** MATERIAL FOR THE TASK **
══════════
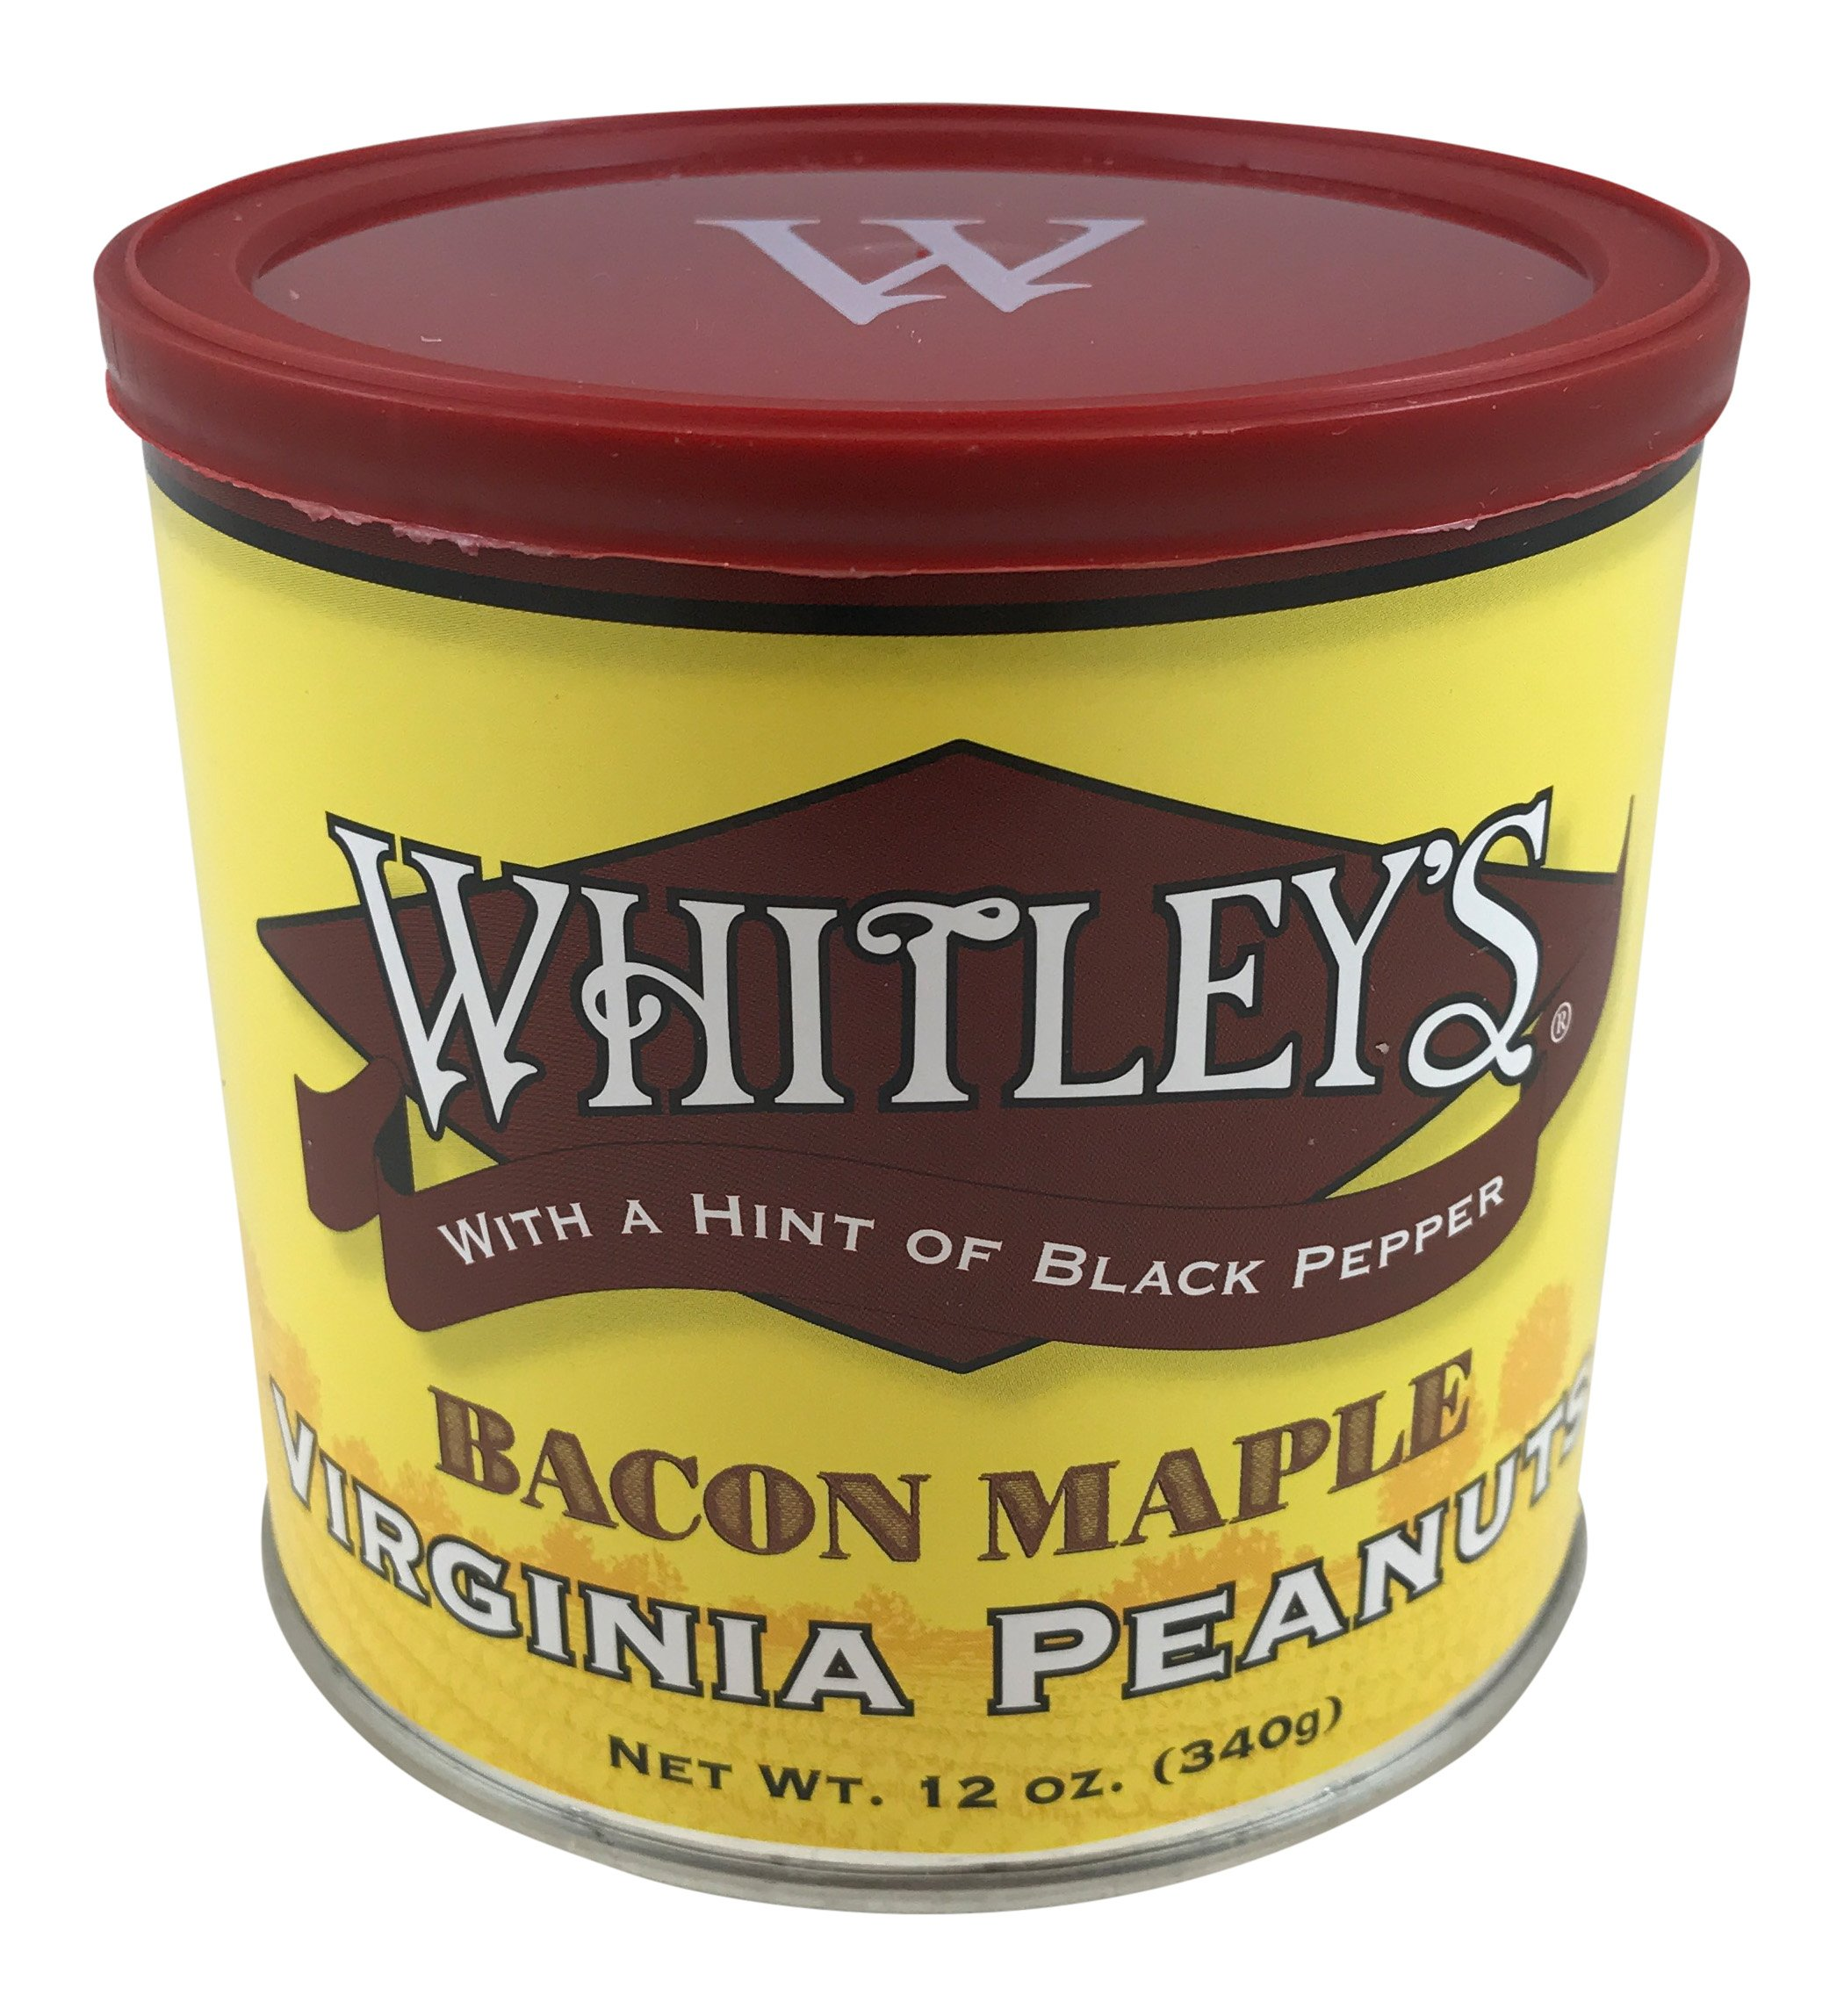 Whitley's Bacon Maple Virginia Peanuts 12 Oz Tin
══════════
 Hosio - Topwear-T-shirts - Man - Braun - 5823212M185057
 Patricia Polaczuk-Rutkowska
══════════
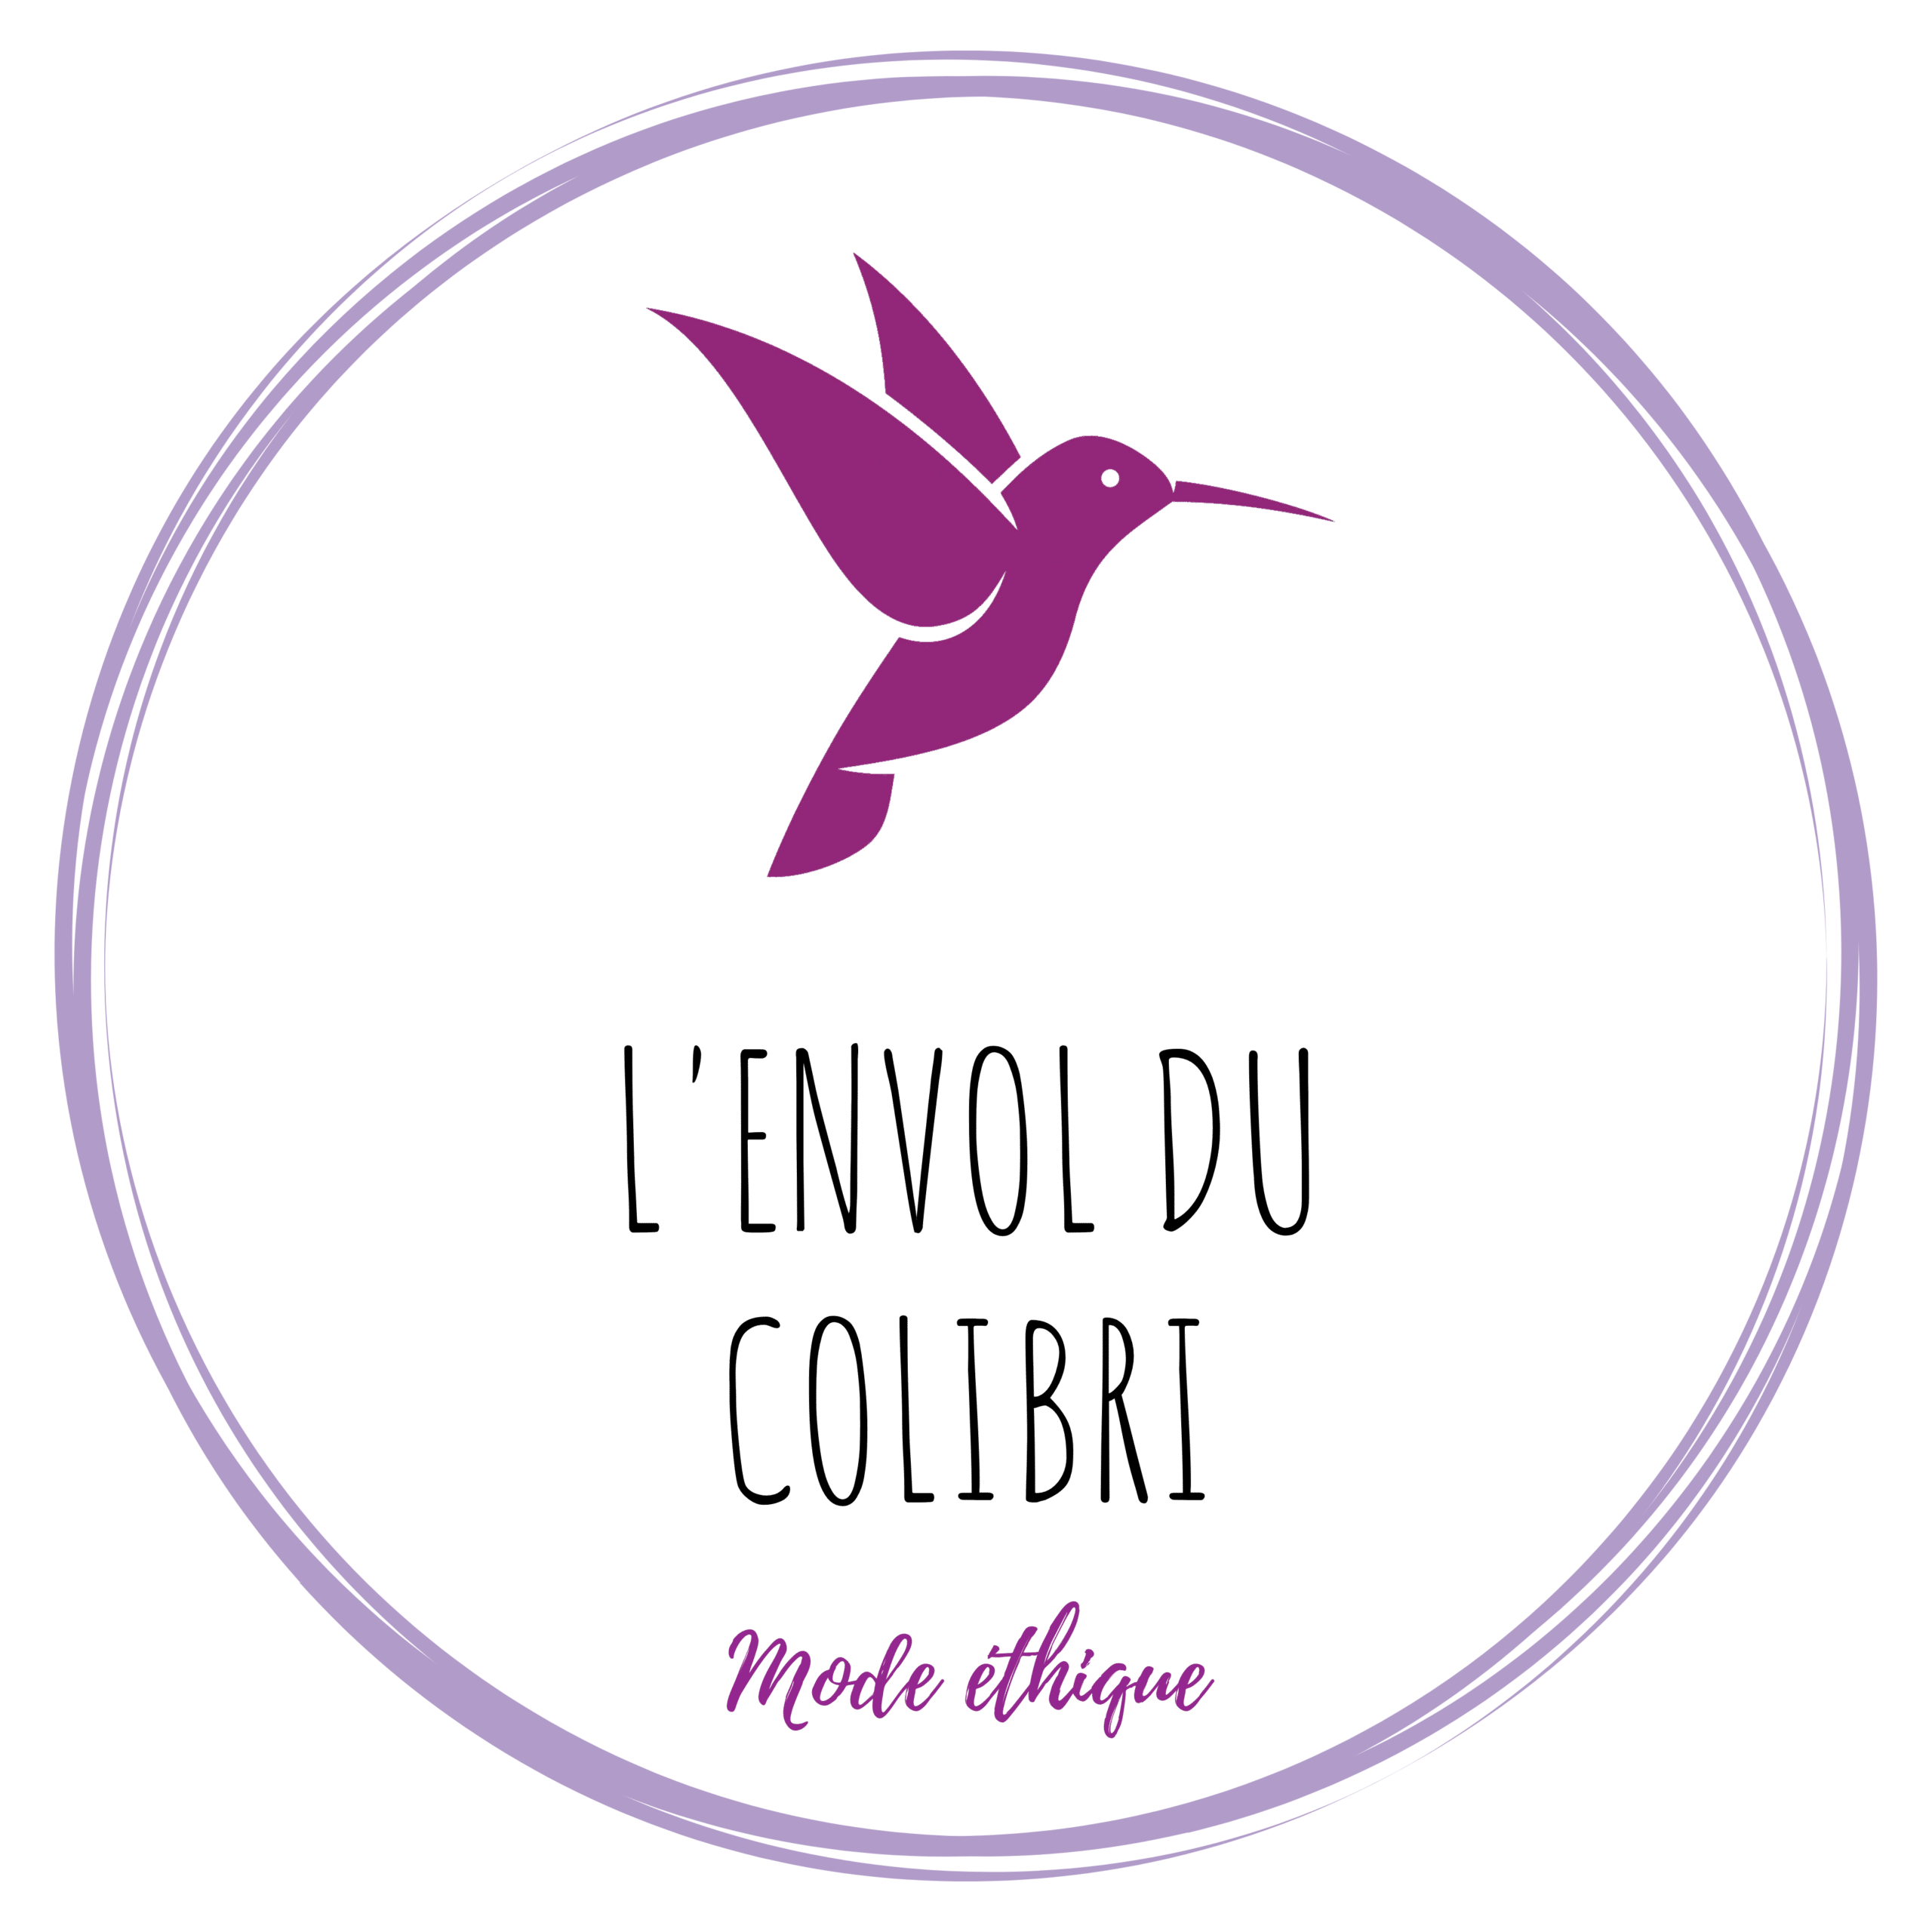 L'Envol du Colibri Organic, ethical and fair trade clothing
══════════
** AIM OF THE EXERCISE **
All lines above from the one holding "Hosio - Topwear-T-shirts" to the one holding "Patricia Polaczuk-Rutkowska", inclusive, are to be copied exactly; no other line is wanted.

** SOLUTION BELOW **
 Hosio - Topwear-T-shirts - Man - Braun - 5823212M185057
 Patricia Polaczuk-Rutkowska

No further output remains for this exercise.